## [About this exercise]
Could you restate the whole listing below word for word, minus the pictures?

## [Data extract]
[Start of section]

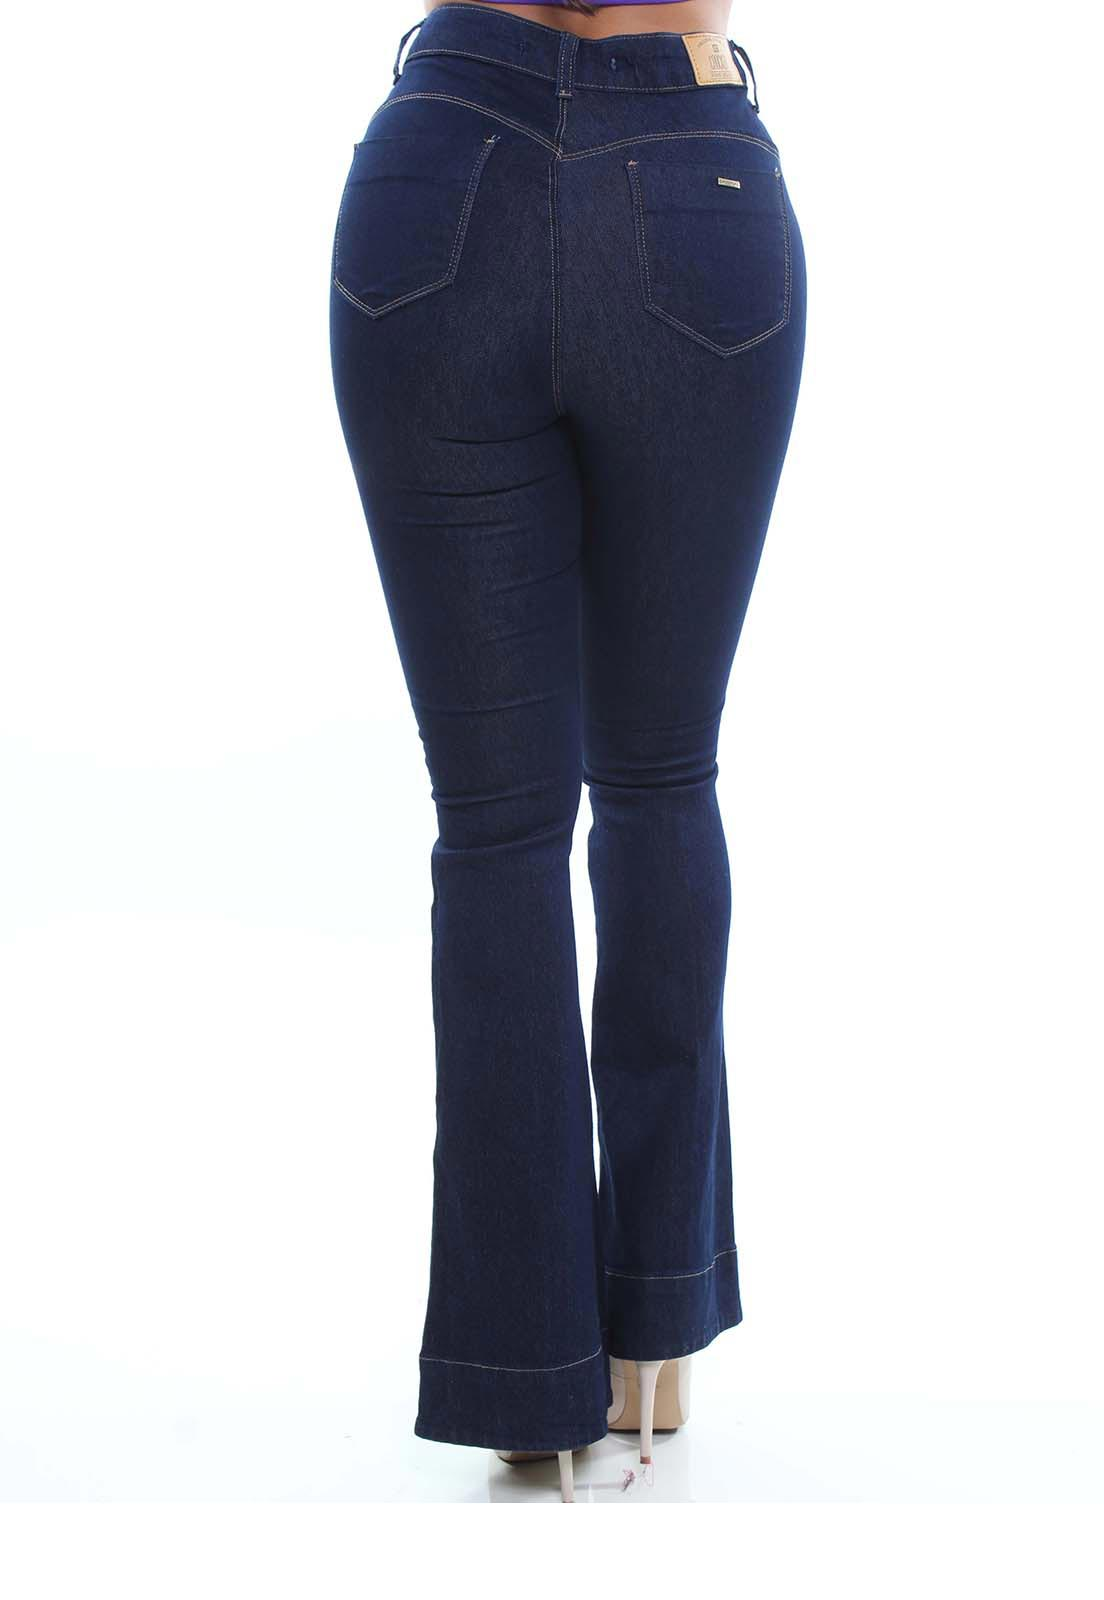 Calça Jeans Feminina Flare Crocker - 48040  - CROCKER JEANS
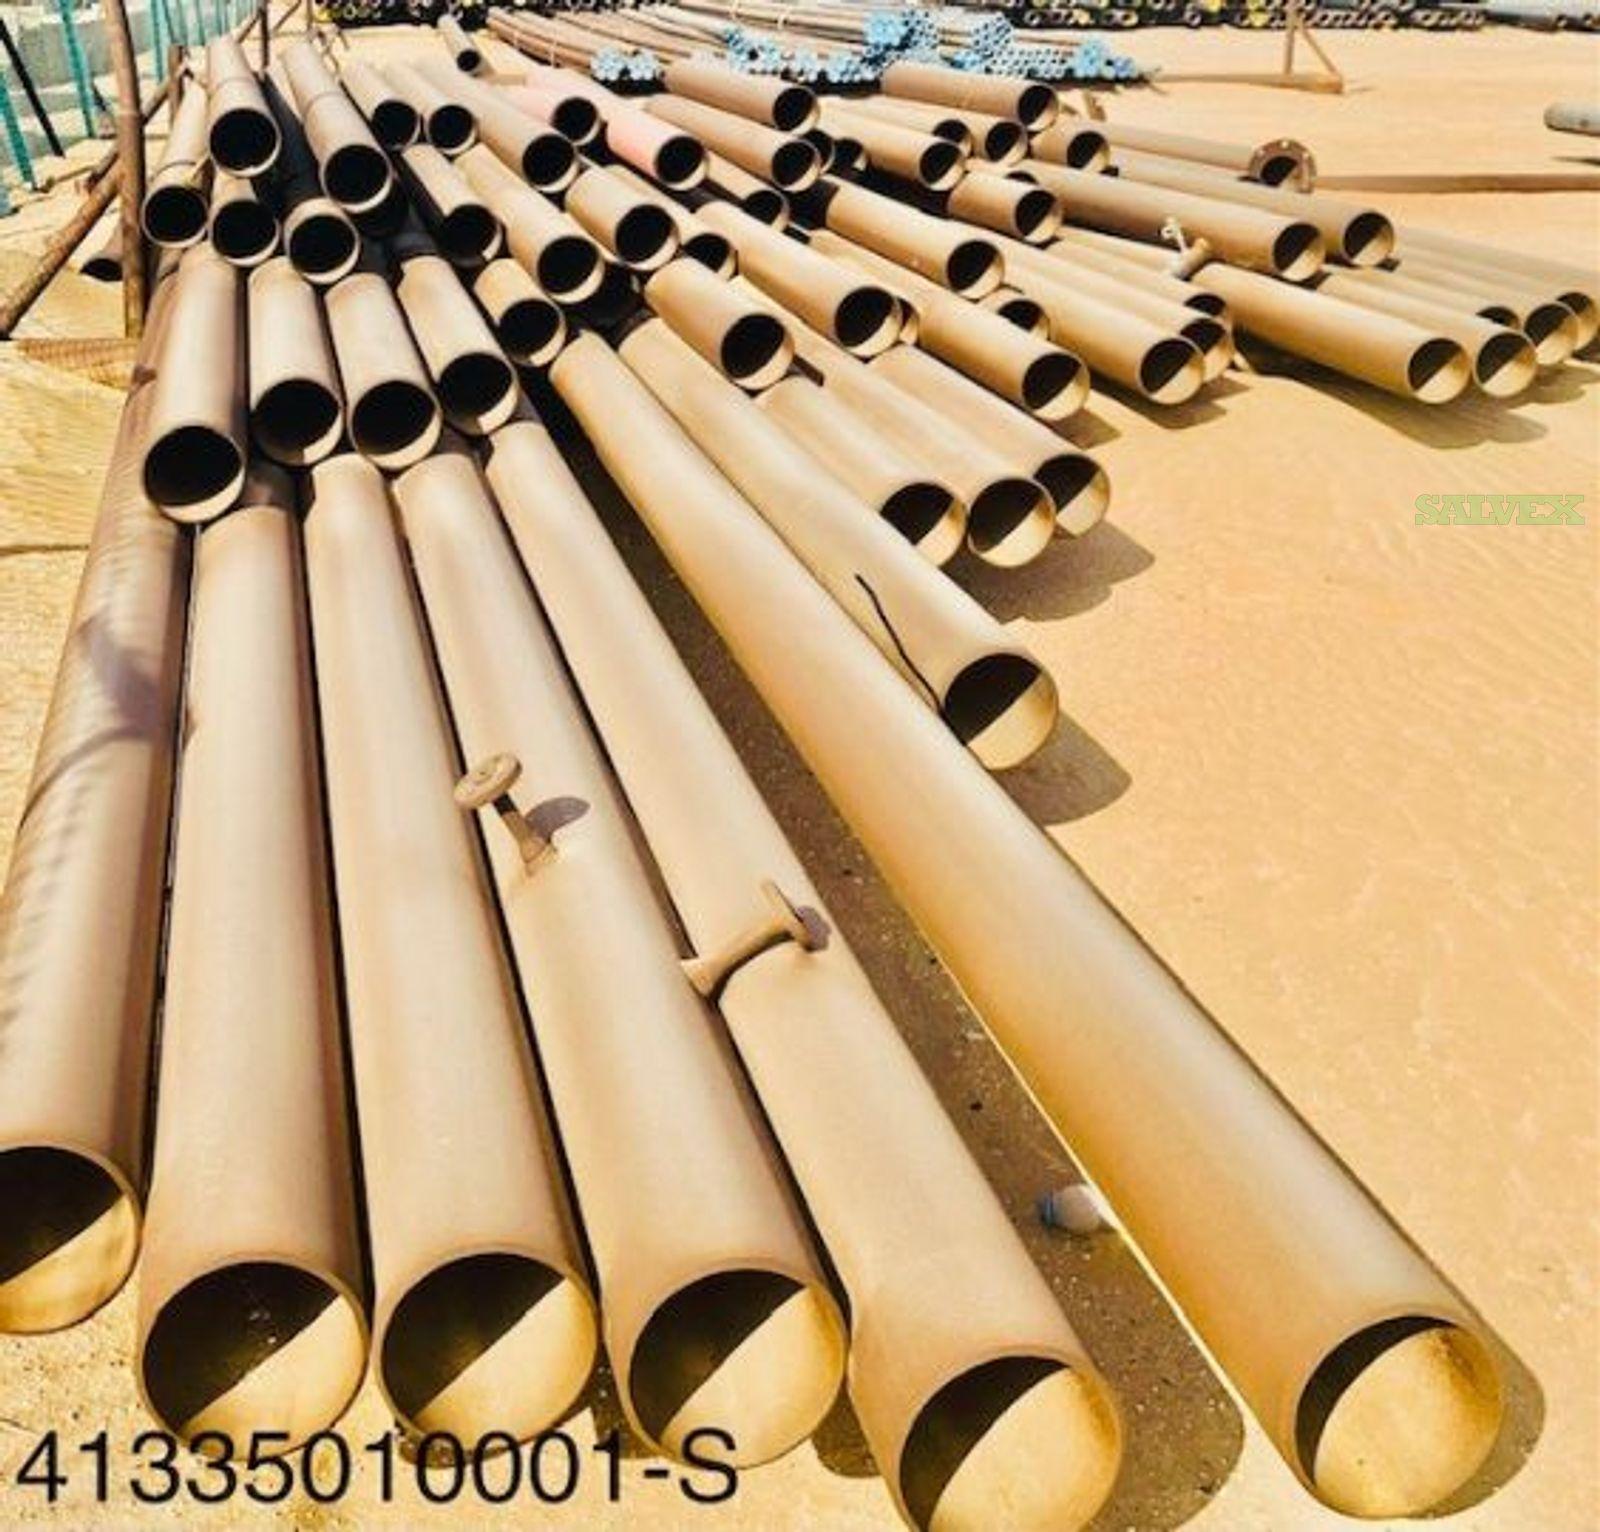 2- 10 Surplus Line Pipe (243 Metric Tons)
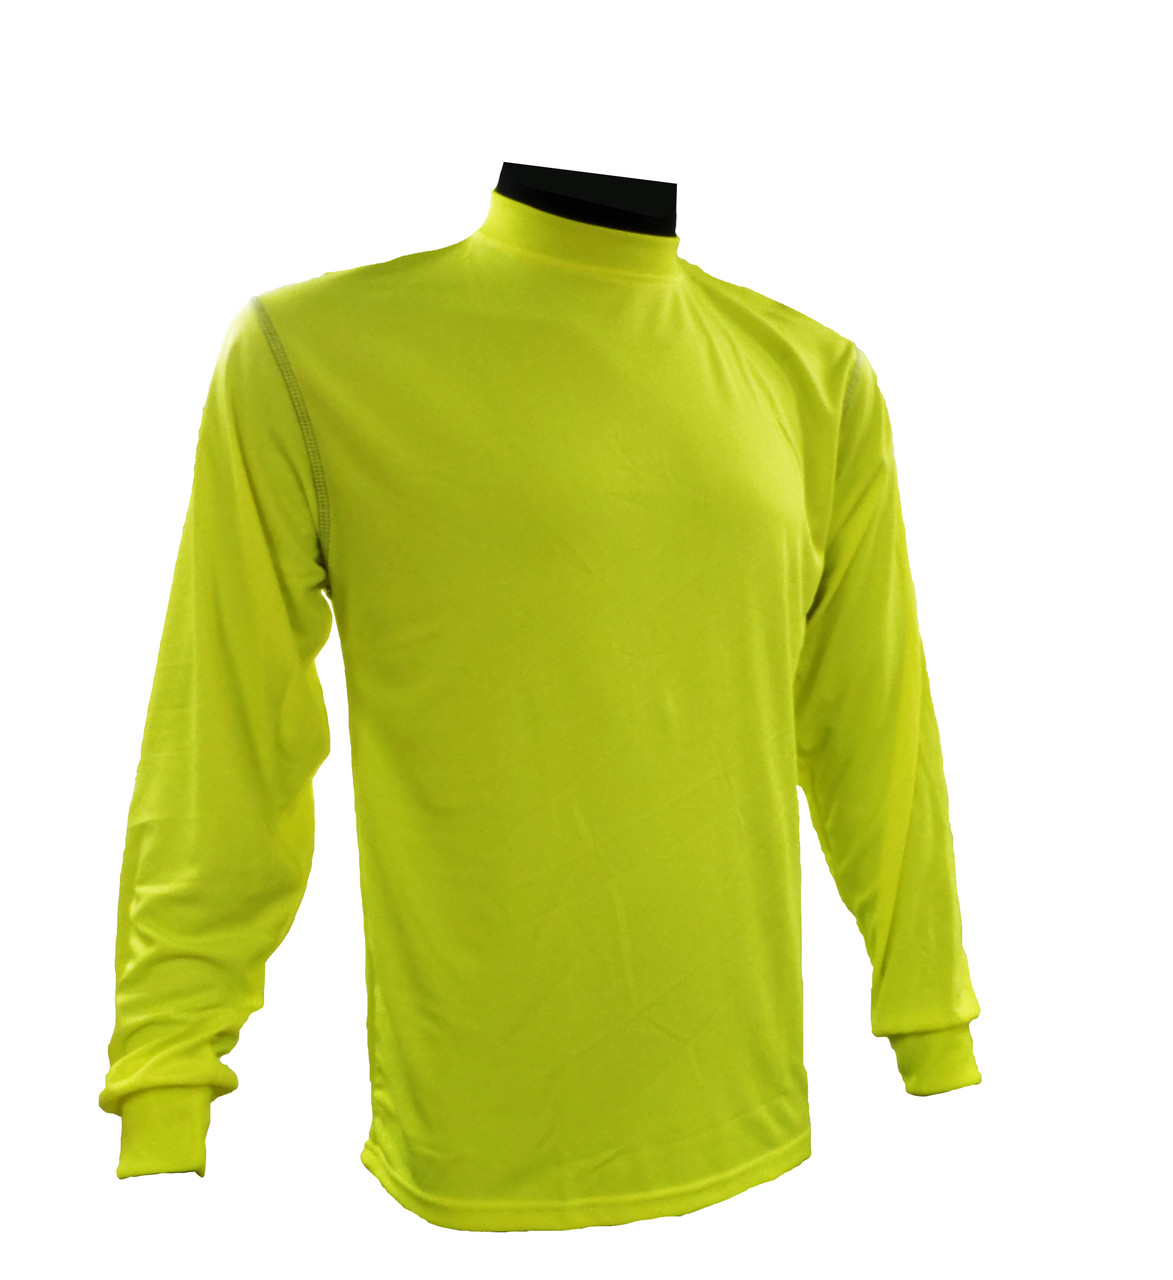 Hi-Vis Dri Knit® Long Sleeve Shirts  ##G2500 ##

[End of section]

## [Result of the exercise]
 Calça Jeans Feminina Flare Crocker - 48040  - CROCKER JEANS
 2- 10 Surplus Line Pipe (243 Metric Tons)
 Hi-Vis Dri Knit® Long Sleeve Shirts  ##G2500 ##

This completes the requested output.